Scientific judgment is Polanyi's term for the evaluative capacity that distinguishes genuine scientific expertise from mechanical competence in following procedures. It is the ability to recognize which problems matter, which data are significant, which hypotheses are worth testing, which results are surprising, which explanations are elegant. This judgment operates tacitly: the experienced researcher feels when an experiment is on the right track, when a result is too good to be true, when a theory has been stretched beyond its domain of validity. The judgment cannot be reduced to explicit rules—two equally competent scientists examining the same evidence may reach different evaluations, both grounded in genuine expertise, because their tacit grounds differ. What makes scientific judgment reliable is not its conformity to rules but its grounding in the researcher's years of embodied engagement with the domain—the accumulated sensitivity to patterns, anomalies, and the boundaries between the understood and the mysterious. AI systems lack this judgment entirely: they produce outputs consistent with training-data patterns but cannot assess whether those outputs represent genuine advances in understanding or merely probable recombinations of existing knowledge.
Polanyi developed scientific judgment to explain how peer review actually works. The official account presents reviewers as applying explicit methodological standards: did the researcher follow proper experimental protocols? Do the data support the conclusions? Is the reasoning valid? But Polanyi observed that the most consequential evaluations scientists make concern significance—does this work advance understanding in a way that matters?—and significance cannot be assessed by explicit criteria. The reviewer must exercise connoisseurial judgment, drawing on deep tacit understanding of what the field knows, what it needs to know, and what directions are promising. This judgment is fallible, personal, and irreplaceable. No algorithm can substitute for it because the judgment concerns the relationship between the work and the field's tacit understanding of its own frontiers.

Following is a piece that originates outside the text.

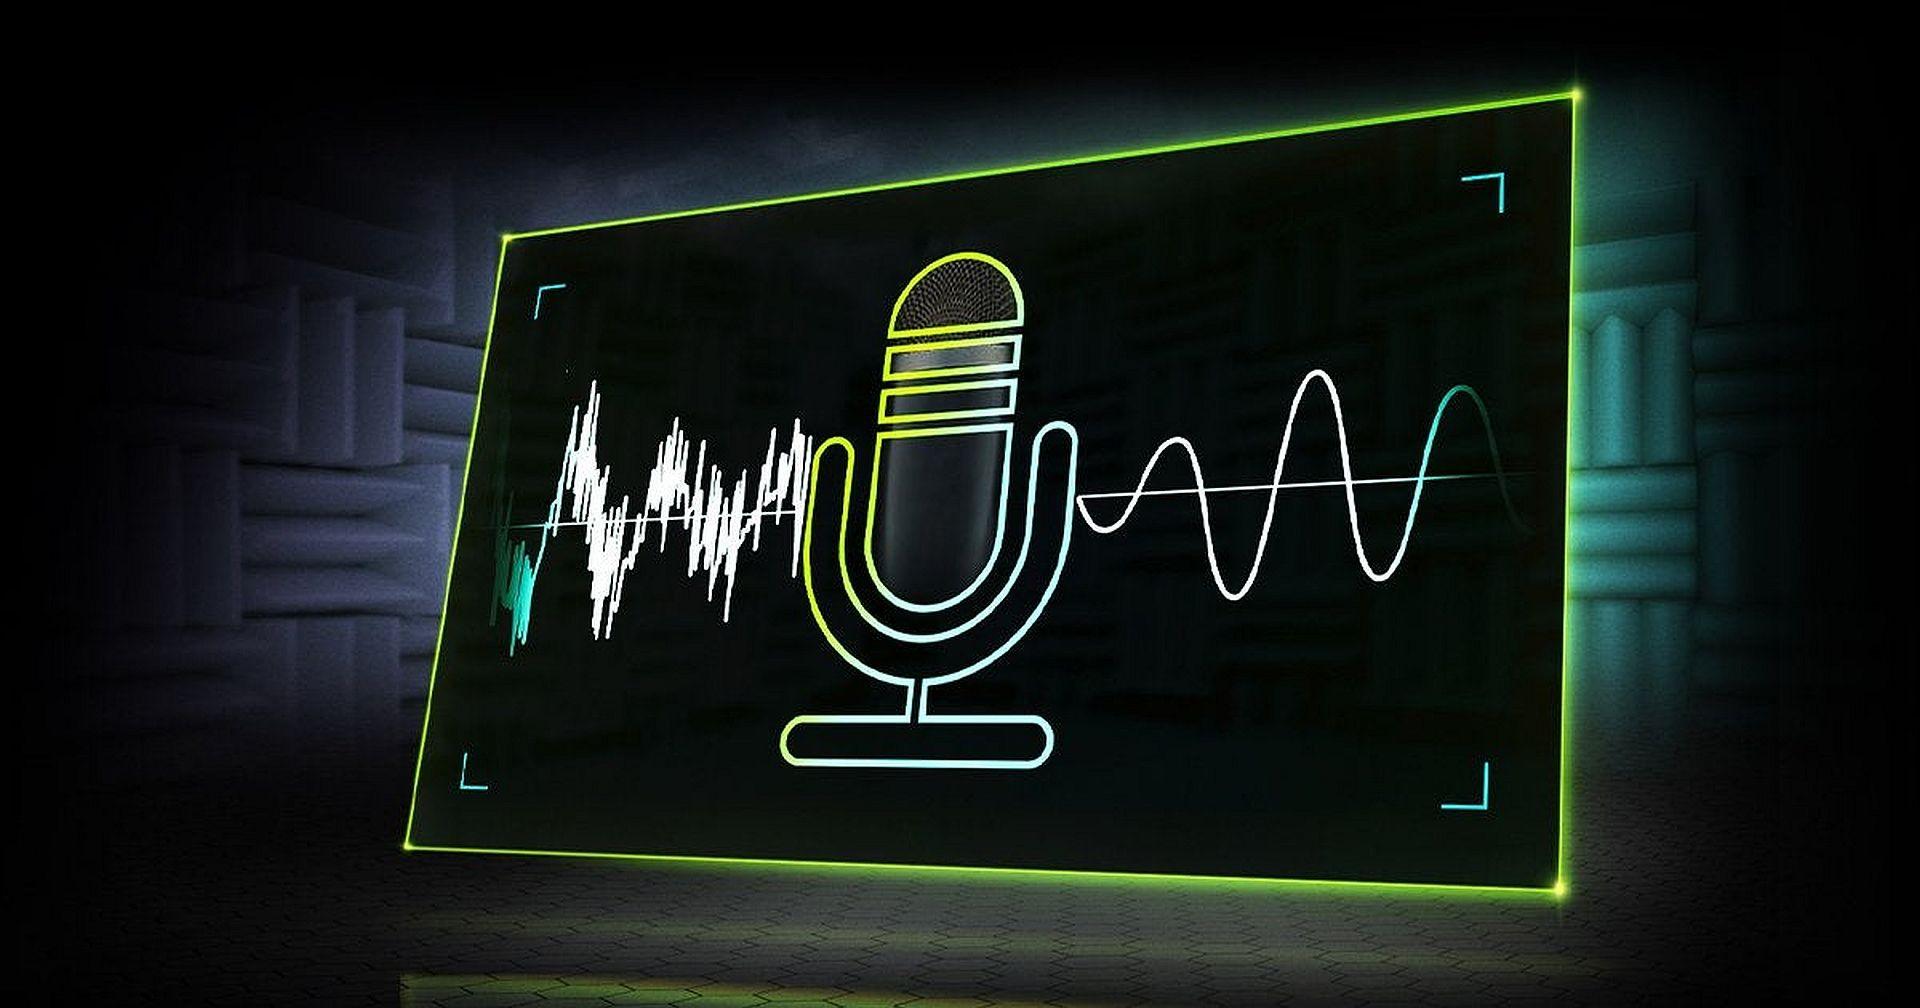 RTX Voice promete remover ruídos indesejados do microfone. (Imagem: Divulgação/NVIDIA)

The AI research community faces a version of this problem in evaluating its own models. Benchmarks provide explicit measures of performance—accuracy on standard tests, perplexity scores, human preference ratings. But these metrics cannot capture the tacit dimension of what makes a model genuinely better rather than merely different. When do improvements on benchmarks represent real advances in capability, and when do they represent overfitting to the specific distributions the benchmarks measure? The judgment requires the tacit sensibility of researchers who have spent years working with models, who have developed an intuitive feel for the difference between genuine capability and sophisticated pattern-matching. The field's best practitioners possess this judgment. The worst substitute benchmark performance for understanding—optimizing metrics without asking whether the metrics measure what matters.
Organizations deploying AI face the scientific judgment problem when deciding which AI-generated analyses to act on. An AI system can produce comprehensive strategic analysis of a market opportunity—data on competitors, customer segments, regulatory environment, technical feasibility. The analysis may be factually accurate and logically organized. But whether the opportunity is worth pursuing requires judgment that no analysis can contain: tacit assessment of organizational capability, intuitive sense of market timing, feel for which risks are acceptable and which are catastrophic. The executive who possesses this judgment can use AI analysis as input. The executive who lacks it—who has risen through organizations where strategic thinking was delegated to consultants and analysis teams—has no ground from which to evaluate whether the AI-generated analysis is genuinely insightful or merely plausible. The analysis gets accepted because it meets explicit standards, and the absence of tacit judgment goes unnoticed until the strategic bet fails.
Scientific judgment appears throughout Polanyi's work but receives extended treatment in "The Republic of Science" (1962) and in the sections of Personal Knowledge concerned with the authority of science. Polanyi argued that science is governed not by method—which any competent technician can follow—but by the collective judgment of the scientific community, whose members have internalized the standards of their disciplines through years of practice. This internalization is what produces the capacity for evaluative judgment that peer review depends on and that no explicit methodology can replace.
Significance defies specification. The capacity to distinguish work that matters from work that is merely competent cannot be reduced to explicit criteria—it is tacit judgment built through deep domain engagement.
Grounded in embodied practice. Scientific judgment develops through years of doing research, encountering successes and failures, building sensitivity to what problems are tractable and what directions are promising.
Irreducibly personal. Two experts may disagree in their evaluative judgments without either being wrong—both draw on tacit grounds shaped by different biographical trajectories through the domain.
Peer review depends on it. The evaluative function of scientific community—separating genuine advances from incremental work, identifying significant from trivial contributions—operates through tacit judgment that no rubric captures.
AI cannot develop it. Pattern-matching from training data produces outputs consistent with existing knowledge but cannot exercise the tacit sensibility that recognizes when a pattern represents genuine insight versus statistical coincidence.